Мирослав шёл, словно во сне. Под сапогами глухо отдавалось холодное каменное покрытие кремлёвских коридоров, вычищенное до зеркального блеска. Слева и справа — дубовые двери, за каждой из которых, казалось, могли решаться судьбы стран, альф, и тех, кто был ниже по иерархии. Над головой — своды, по которым прокатывался тяжёлый гул шагов охранников.


— Сюда, — коротко бросил один из сопровождающих, не глядя на него.


Мирослав кивнул, будто это имело значение, и перешагнул через порог.


Комната встретила его запахом выветрившегося табака и старой кожи. В углу тикали массивные часы, словно в изощрённой издёвке над чужаком, чей ритм жизни был вовсе не отмерен этим временем. За массивным столом, освещённым только лампой с тёмно-зелёным абажуром, сидел он.


Сталин.


Его поза казалась ленивой, почти небрежной, но Мирослав сразу почувствовал: ни одно движение здесь не было случайным. Это была та власть, которую не нужно демонстрировать — она просто есть, как давление воздуха, как гравитация. Он не мог объяснить, как, но ощущал: Сталин знал. Всё. Уже.


Сталин не поднял глаз, только медленно перелистнул первую страницу отчёта.


— Долго готовился, товарищ Миргородский. Первая встреча была любопытной. Что теперь?


Мирослав едва заметно выдохнул. Он знал, что дрожит, но знал и то, что нельзя позволить этому выйти наружу.


— План, который спасёт тысячи жизней и выведет медицину на новый уровень.


Сталин поднял глаза. Тяжёлые, внимательные, пронизывающие — не как у альфы. Хуже. Будто он смотрел не на плоть, а в сам смысл бытия.


— Говори.


«Он знает. Не спрашивает — проверяет. Один неверный акцент — и всё».


— Программа по обучению санитаров и младшего персонала. Протоколы анестезии — стандартизированные. Обмен между учреждениями: каждые три месяца. Метод контроля — фиксированный, с допуском не более трёх процентов смертности на операционный период.

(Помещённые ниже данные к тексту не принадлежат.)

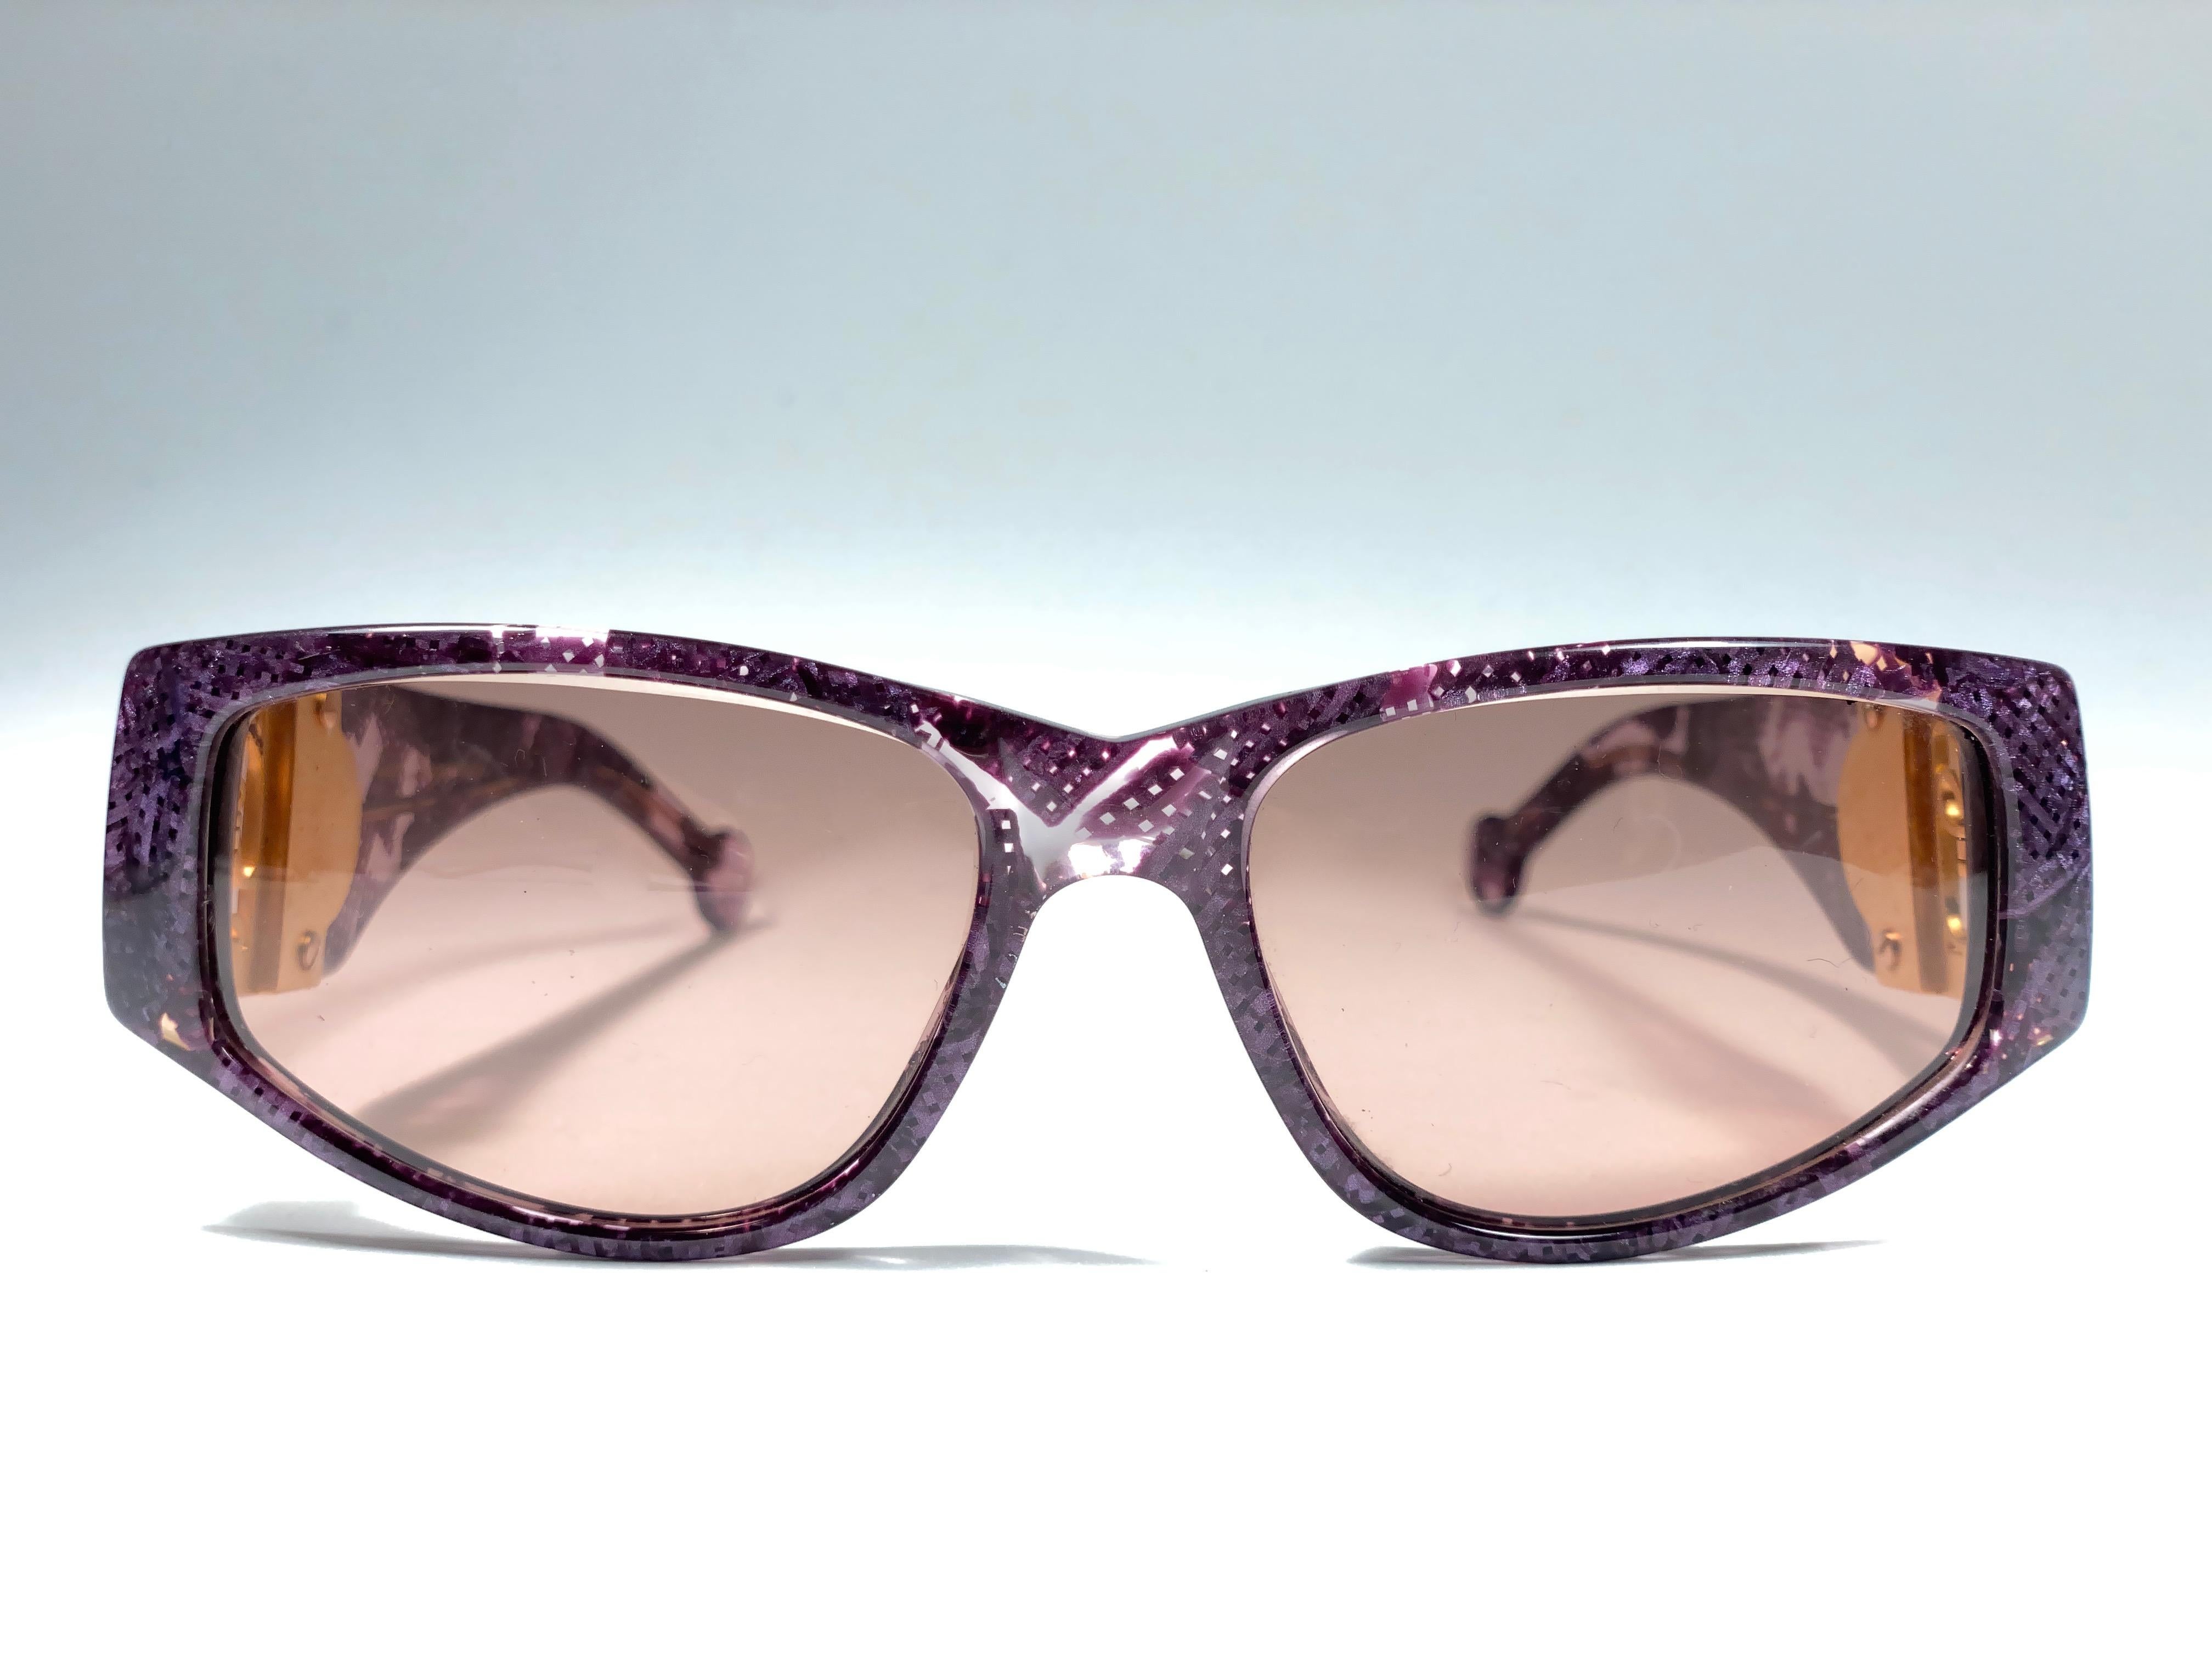 Amazing pair of vintage 1980's Karl Lagerfeld gold & fuchsia mosaic sunglasses framing a pair of amber lenses.
 
This pair may show minor sign of wear due to storage. A true fashion statement .

Сталин снова опустил взгляд к бумагам.


— Смело. Особенно — с учётом сегодняшнего уровня подготовки. Ты хочешь, чтобы мы учили тех, кто учить не привык?


— Хочу, чтобы мы начали. Если система не двигается, она гниёт. И она гниёт, товарищ Сталин.


На этом слове Мирослав впервые допустил риск. Он почувствовал, как в комнате стало теснее, будто воздух стал вязким.


Сталин медленно закрыл папку.


— Ты говоришь, как тот, кто уже видел, чем всё это закончится.


Мирослав встретил взгляд.


«Он говорит это не случайно. Он проверяет, насколько я готов признать — да, я не отсюда».


— Потому что я не могу позволить себе говорить иначе. У меня нет такой роскоши.


— Ты не боишься?


— Я боюсь. Но ещё больше боюсь — ничего не изменить.


Пауза была длинной. В этой тишине было всё: вопрос, приговор, шанс.


— А знаешь, чем ты опасен, Миргородский?


Мирослав промолчал. В этом молчании было и согласие, и протест.


Сталин откинулся назад и закурил. Дым поднялся вверх, словно завеса между веками.


— Потому что ты не пытаешься приспособиться. Ты пришёл — и хочешь менять. Не просить, не ждать. Менять. Это не по-нашему. Но — может, и по-новому.


— Возможно, потому, что я и есть «по-новому».


Взгляд Сталина стал узким, почти хищным.


— Это признание?


— Это констатация.


Снова тишина. Потом — хриплый смешок.


— У тебя в голове всё ещё 2025-й?


— Всегда.


Сталин затушил трубку о тяжёлую пепельницу. Потом медленно поднялся и подошёл ближе. В воздухе повис запах дыма, смешанный с полированным деревом и чем-то — вечным, непонятным.


— Тогда слушай внимательно. Я дам тебе всё, что ты просишь. Но только один раз. Один провал — и ты вернёшься туда, откуда пришёл. Но не так, как пришёл.


Мирослав развернул первую страницу. Его руки были сухими, холодными, будто бумага отдавала тепло, которого не было ни в нём, ни в комнате.


Он начал говорить не с пафоса. Не с идеологии. С цифр.


— За последние шесть месяцев, товарищ Сталин, в трёх городских отделениях смертность от перитонита после извлечения зубов с гнойным очагом составила 8,3 процента. После внедрения минимального протокола до- и послеоперационного контроля — она снизилась до 2,7.


Сталин не шевелился. Он слушал, как слушают только те, кто может убить за лишнее слово — или промолчать назло.


Мирослав продолжал:


— Обучение младшего персонала не требует дорогостоящих ресурсов. Но уменьшает осложнения в среднем на 15 процентов. Мы провели пробное внедрение в четвёртом корпусе. Данные подтверждены.